EXERCISE AIM: In the entries that follow, the lines from the one with "Tabela 2: Volume" through the one with "Monte Zovo - Bardolino DOC 2020" are the ones to write out, exactly and with both ends included. Nothing else should appear.

MATERIAL SUPPLIED:
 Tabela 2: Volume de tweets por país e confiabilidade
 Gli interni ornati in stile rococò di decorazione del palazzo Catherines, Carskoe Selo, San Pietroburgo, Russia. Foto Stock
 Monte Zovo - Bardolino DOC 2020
---
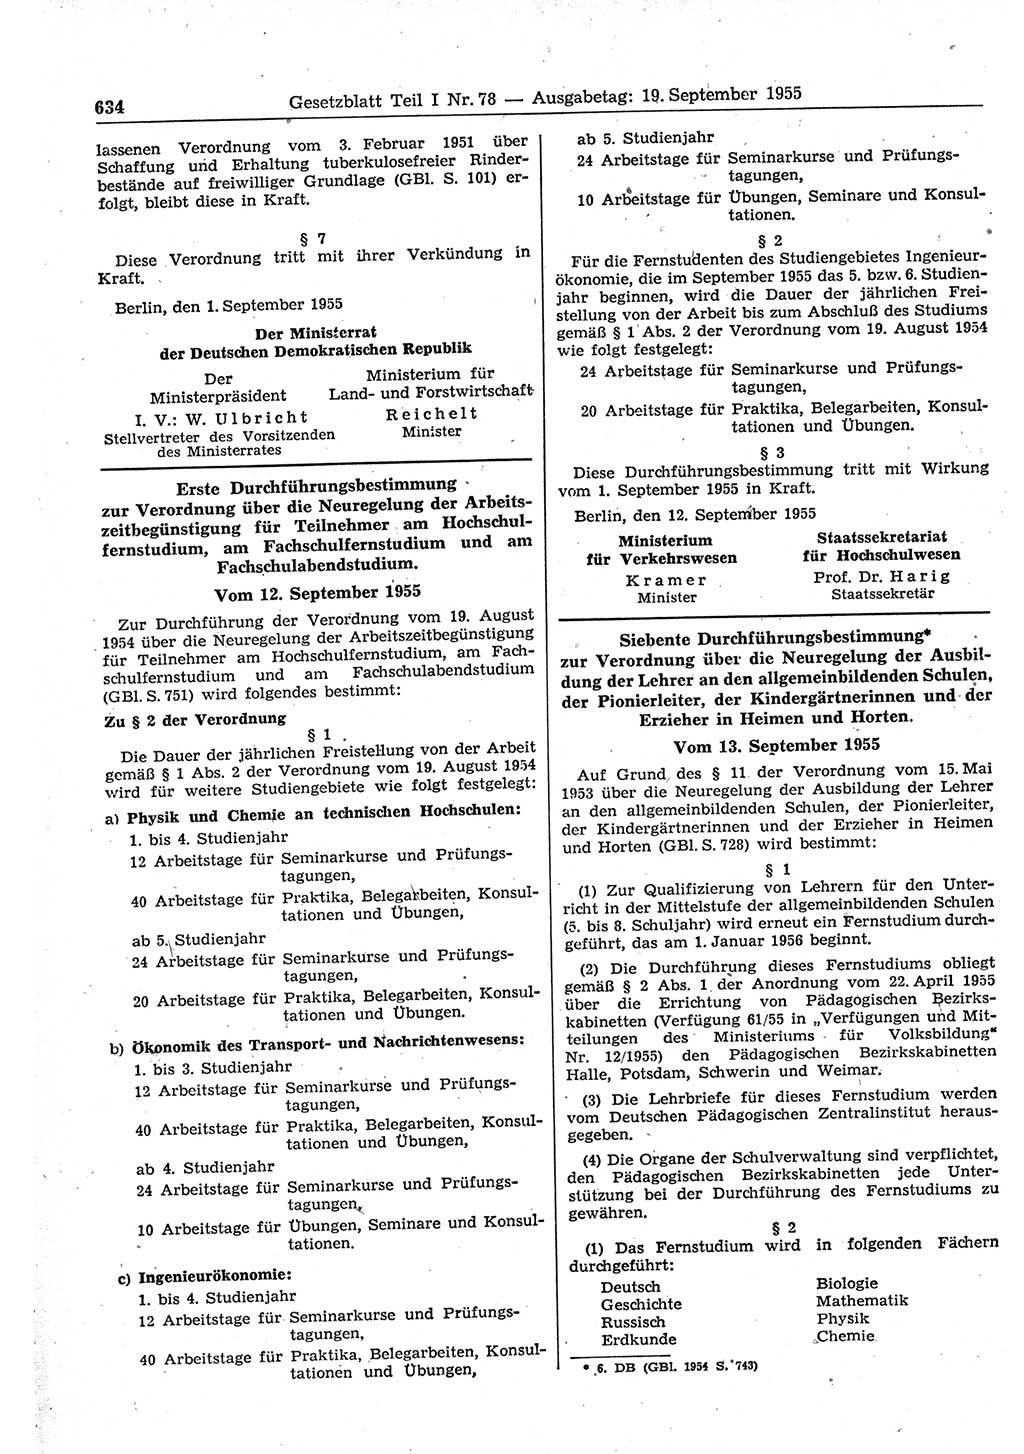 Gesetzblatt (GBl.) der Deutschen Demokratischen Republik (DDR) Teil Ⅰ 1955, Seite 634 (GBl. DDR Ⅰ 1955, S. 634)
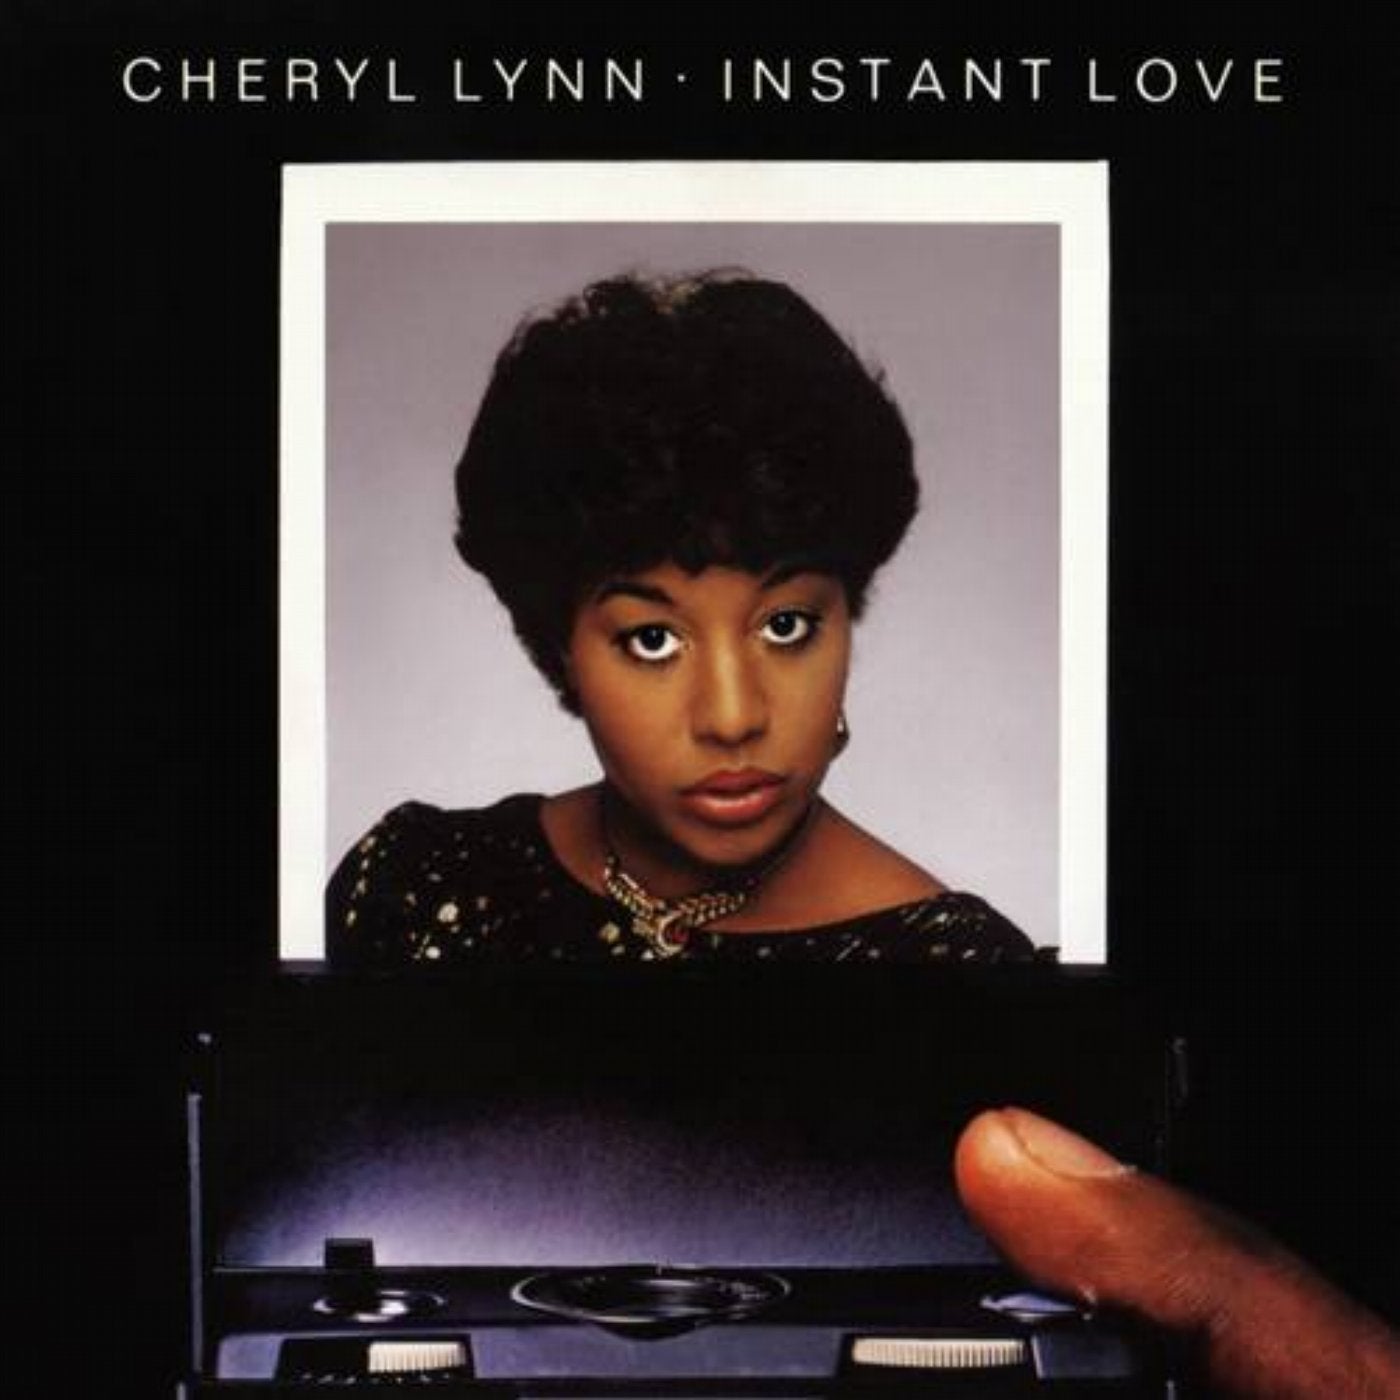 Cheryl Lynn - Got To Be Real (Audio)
==
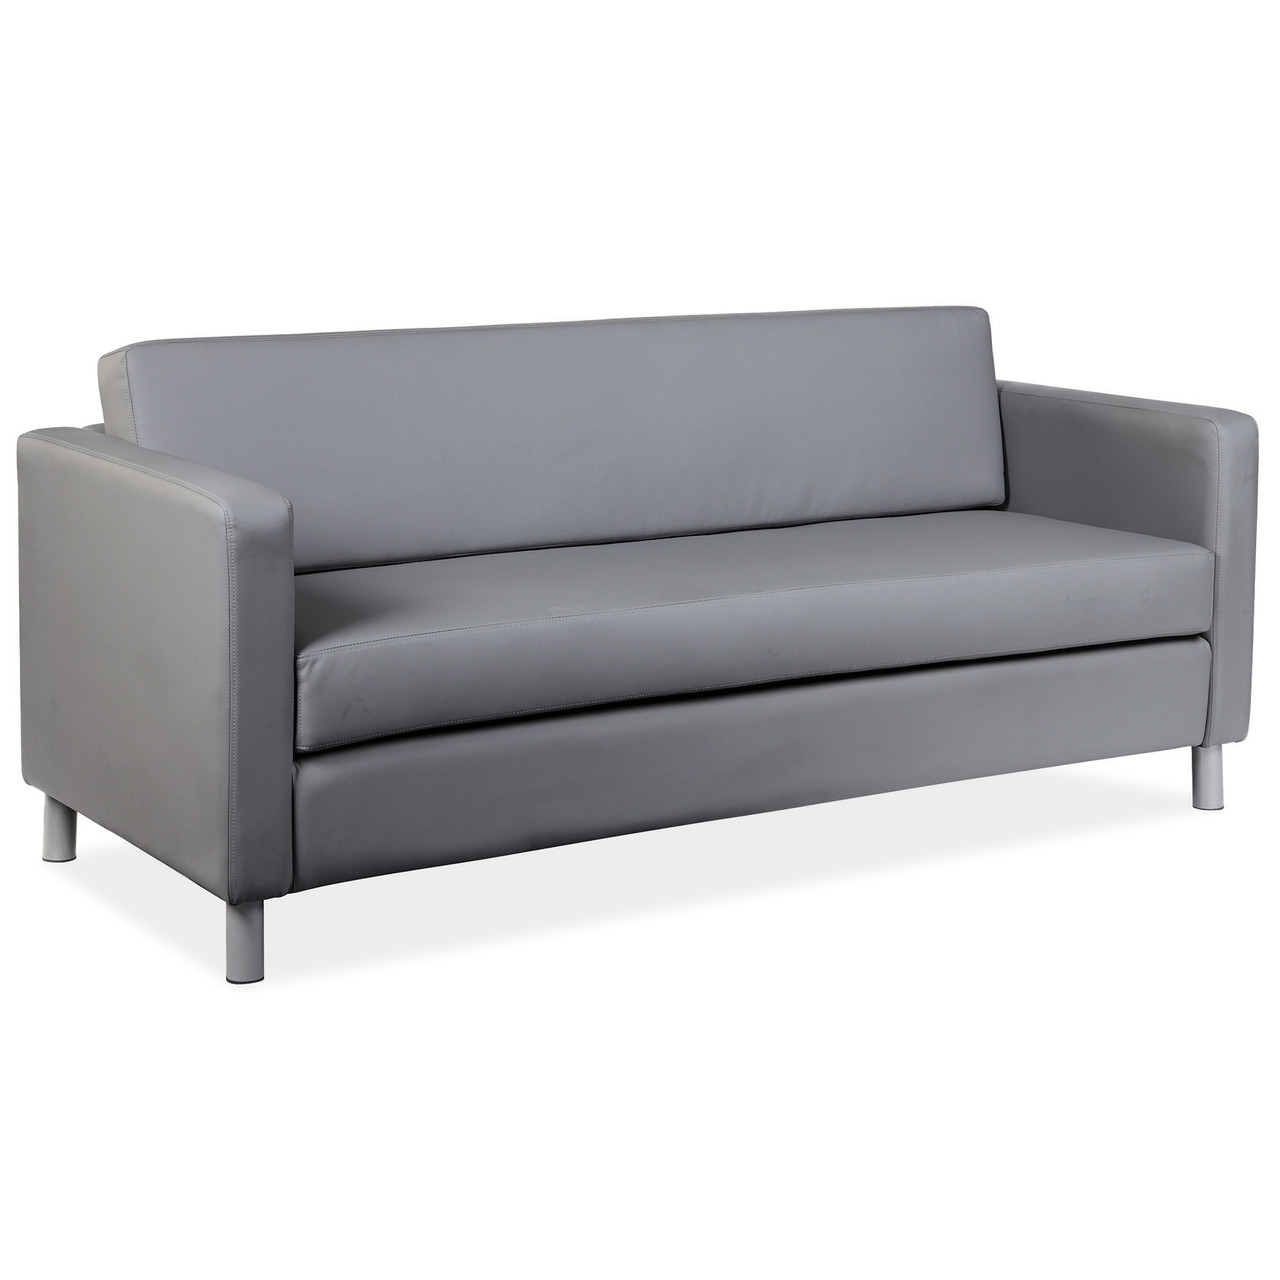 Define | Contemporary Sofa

RESULT:
 Tabela 2: Volume de tweets por país e confiabilidade
 Gli interni ornati in stile rococò di decorazione del palazzo Catherines, Carskoe Selo, San Pietroburgo, Russia. Foto Stock
 Monte Zovo - Bardolino DOC 2020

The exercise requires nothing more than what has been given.